Oregon received an invitation to the NCAA tournament's West Regional, which was held on March 20 and 21 in San Francisco. First, Oregon faced Texas in the first round, in a matchup of teams considered superior to either of their potential opponents in the regional final, according to analysts. The Webfoots scored 10 of the game's first 12 points, led by Dick and Wintermute, and held a three-point halftime advantage. After Texas had closed their deficit to one point multiple times in the second half, Oregon went on a scoring run and eventually opened a 19-point lead.
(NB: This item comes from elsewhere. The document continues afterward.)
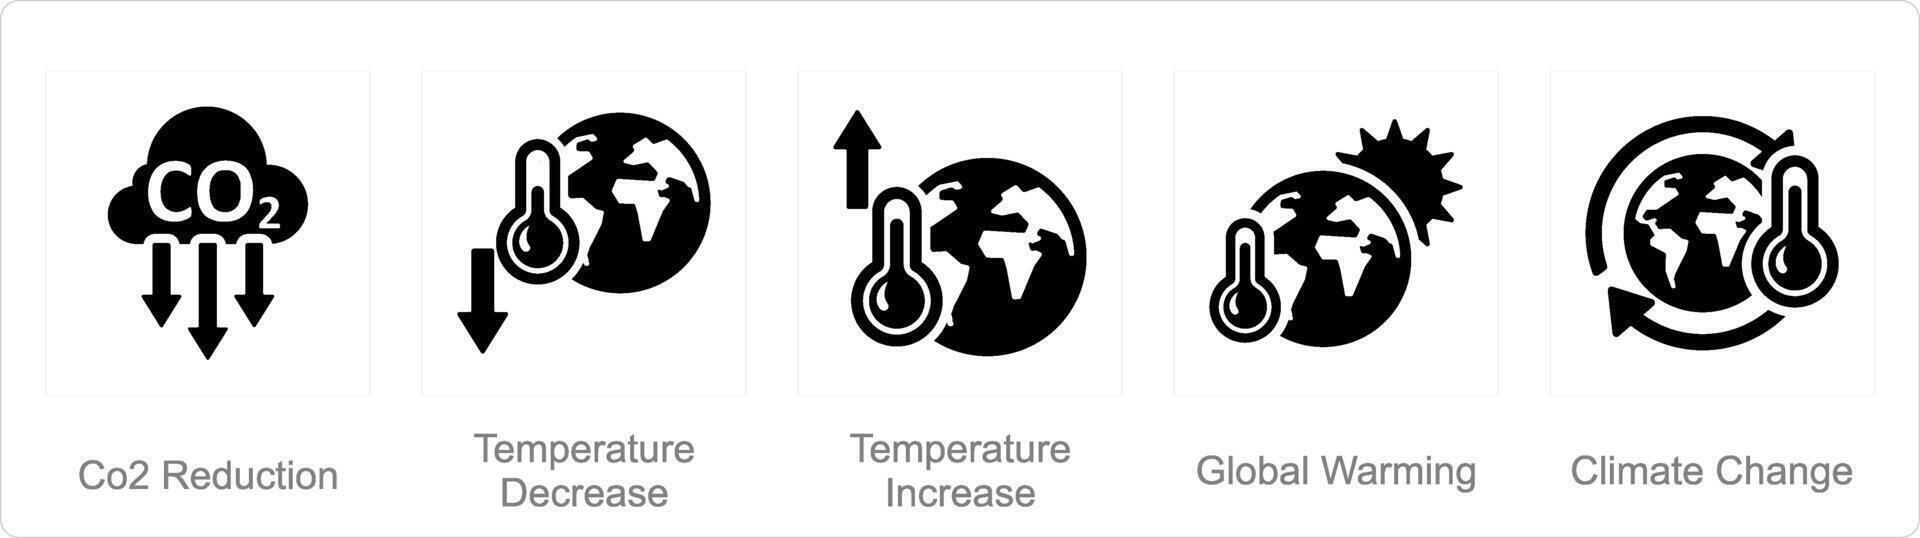 A set of 5 climate change icons as co2 reduction, temperature decrease, temperature increase vector
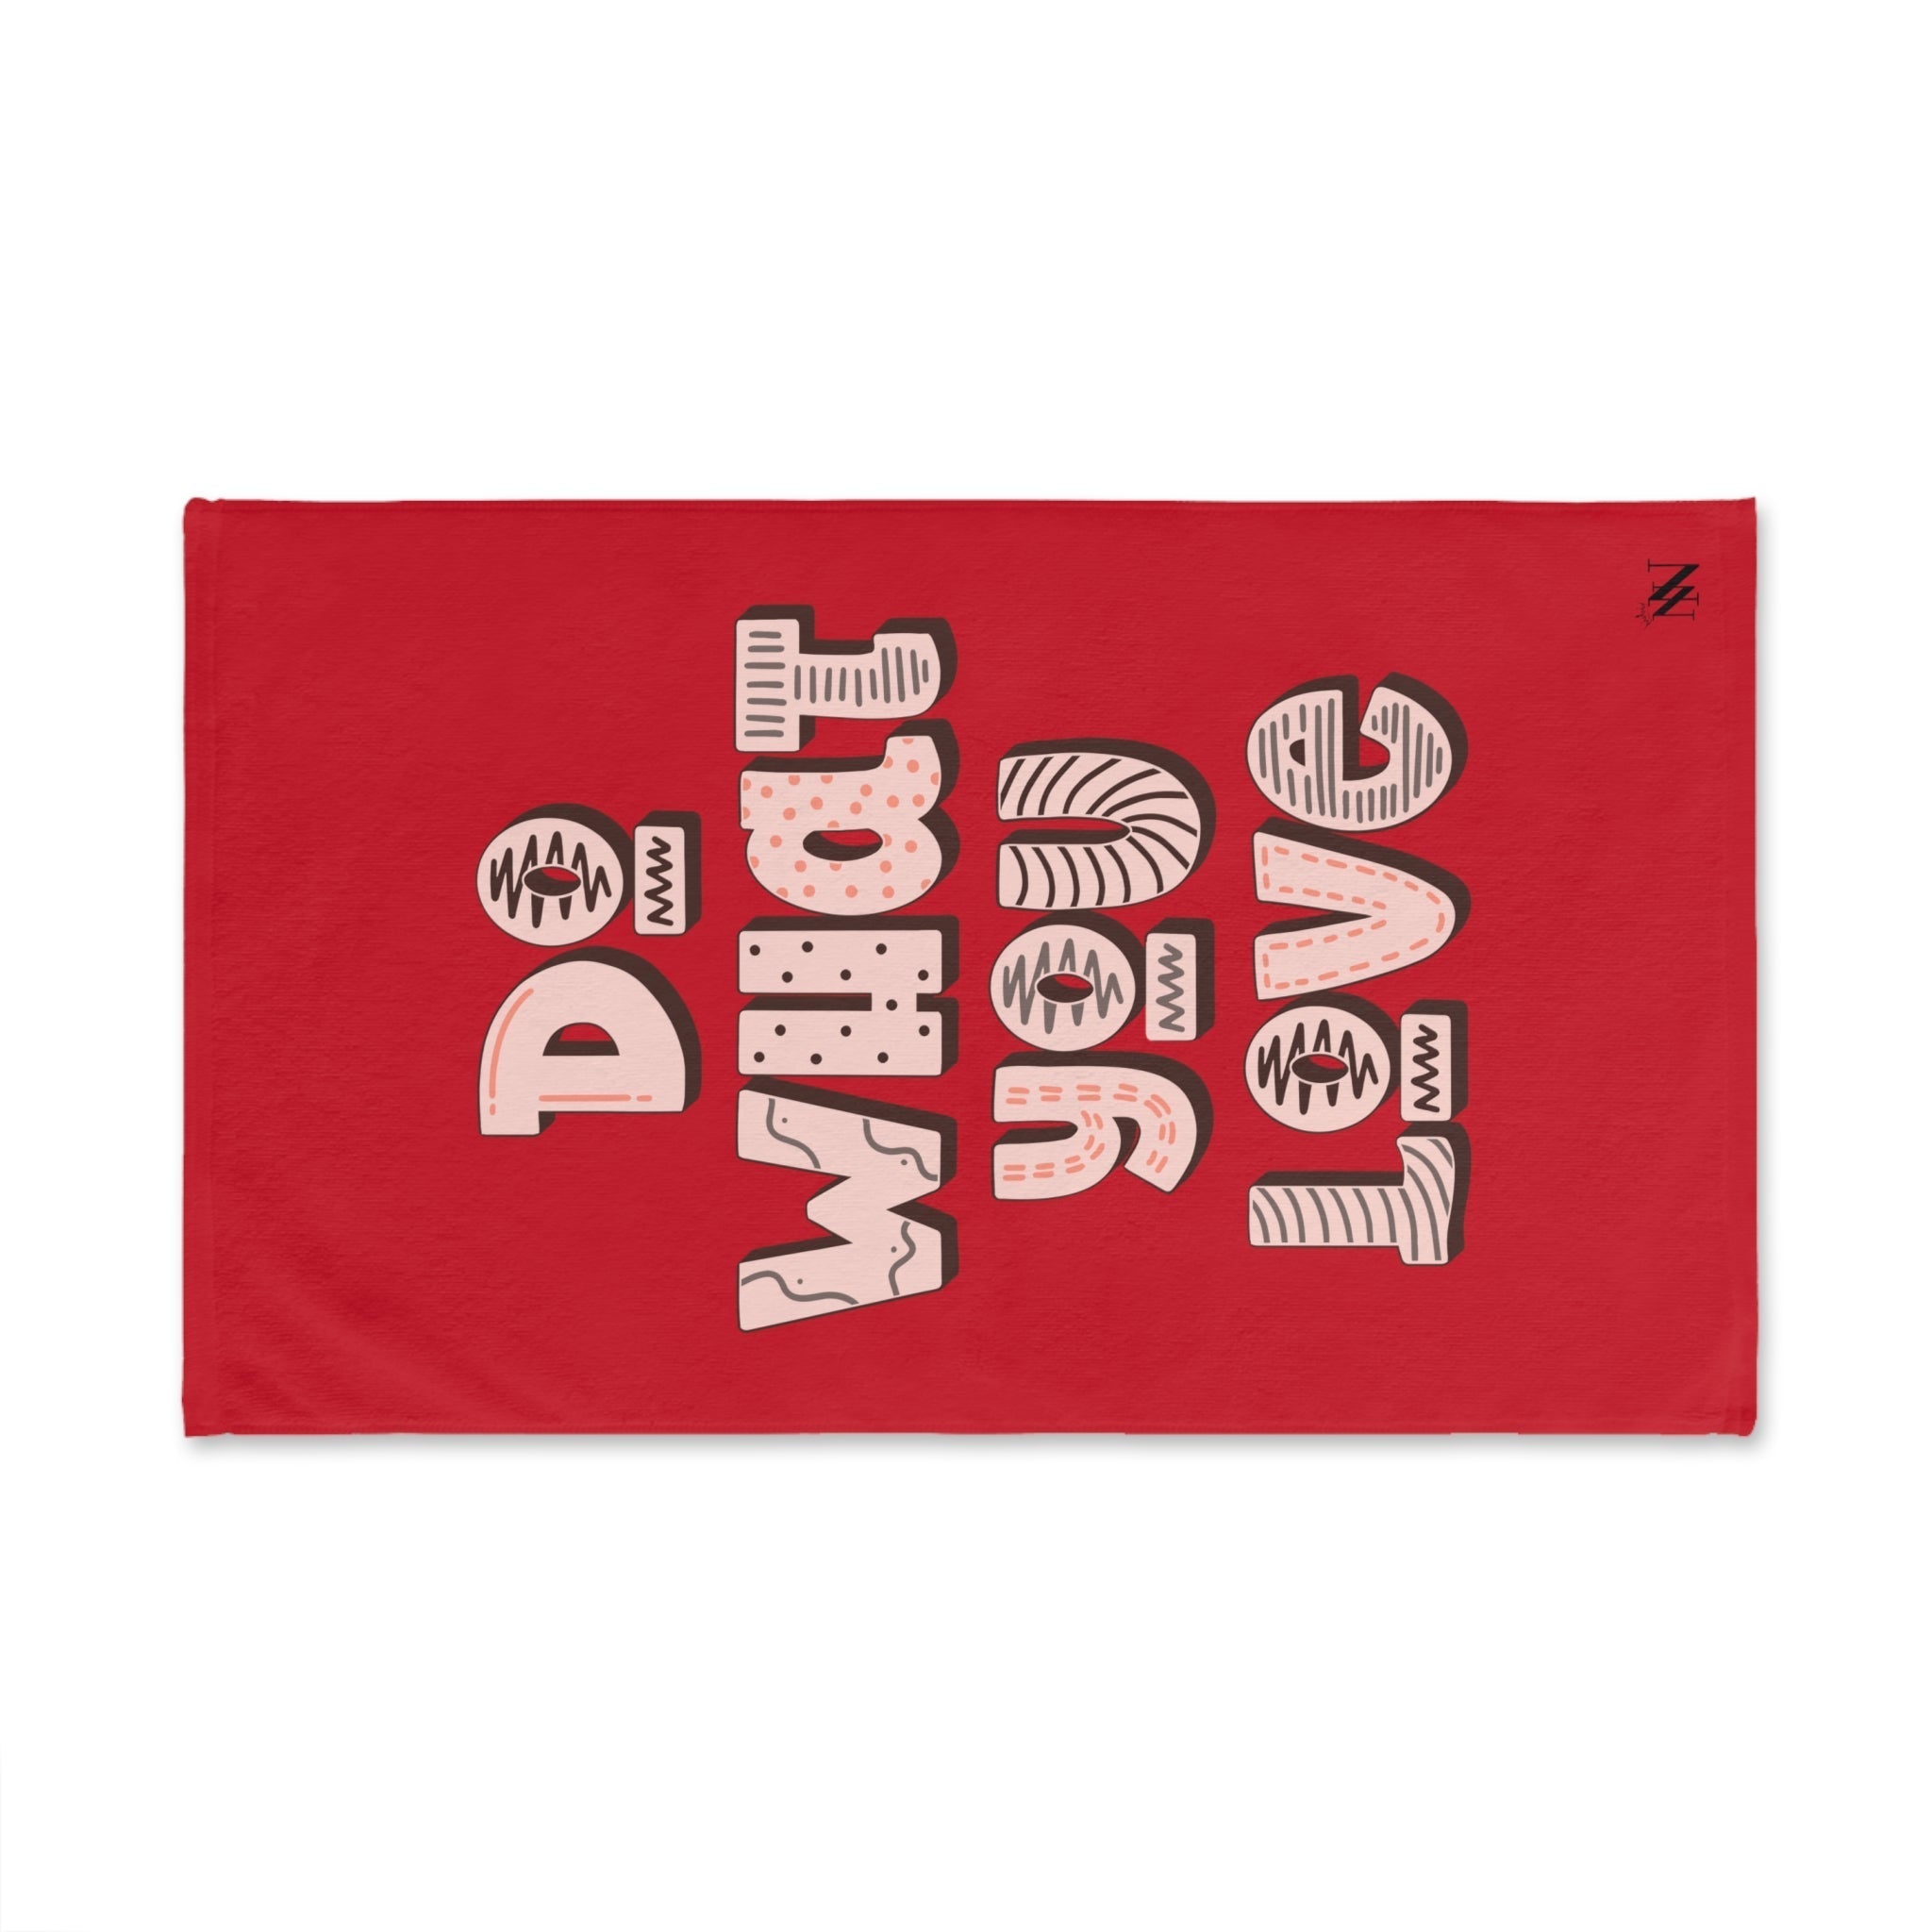 What DO Love You Red | Sexy Gifts for Boyfriend, Funny Towel Romantic Gift for Wedding Couple Fiance First Year 2nd Anniversary Valentines, Party Gag Gifts, Joke Humor Cloth for Husband Men BF NECTAR NAPKINS

The Webfoots defeated Texas by a final score of 56–41. Wintermute had 14 points in the game, and Dick added 13. In the regional final against Oklahoma, a 10–0 run to close the first half put the Webfoots in front, 21–14. Oregon took advantage of Oklahoma's strategy of attempting to play a fast-paced game and extended their lead in the second half. Dick had 14 points and Gale and Wintermute scored 11 and 10, respectively, as Oregon advanced to the national championship game with a 55–37 victory. All three of the Webfoots' leading scorers in the regional final were selected to the all-Western regional squad, as determined by Kansas head coach Phog Allen. Hobson commented on his team's NCAA tournament opponents that "We were head and shoulders above [both], but not so with Washington and California."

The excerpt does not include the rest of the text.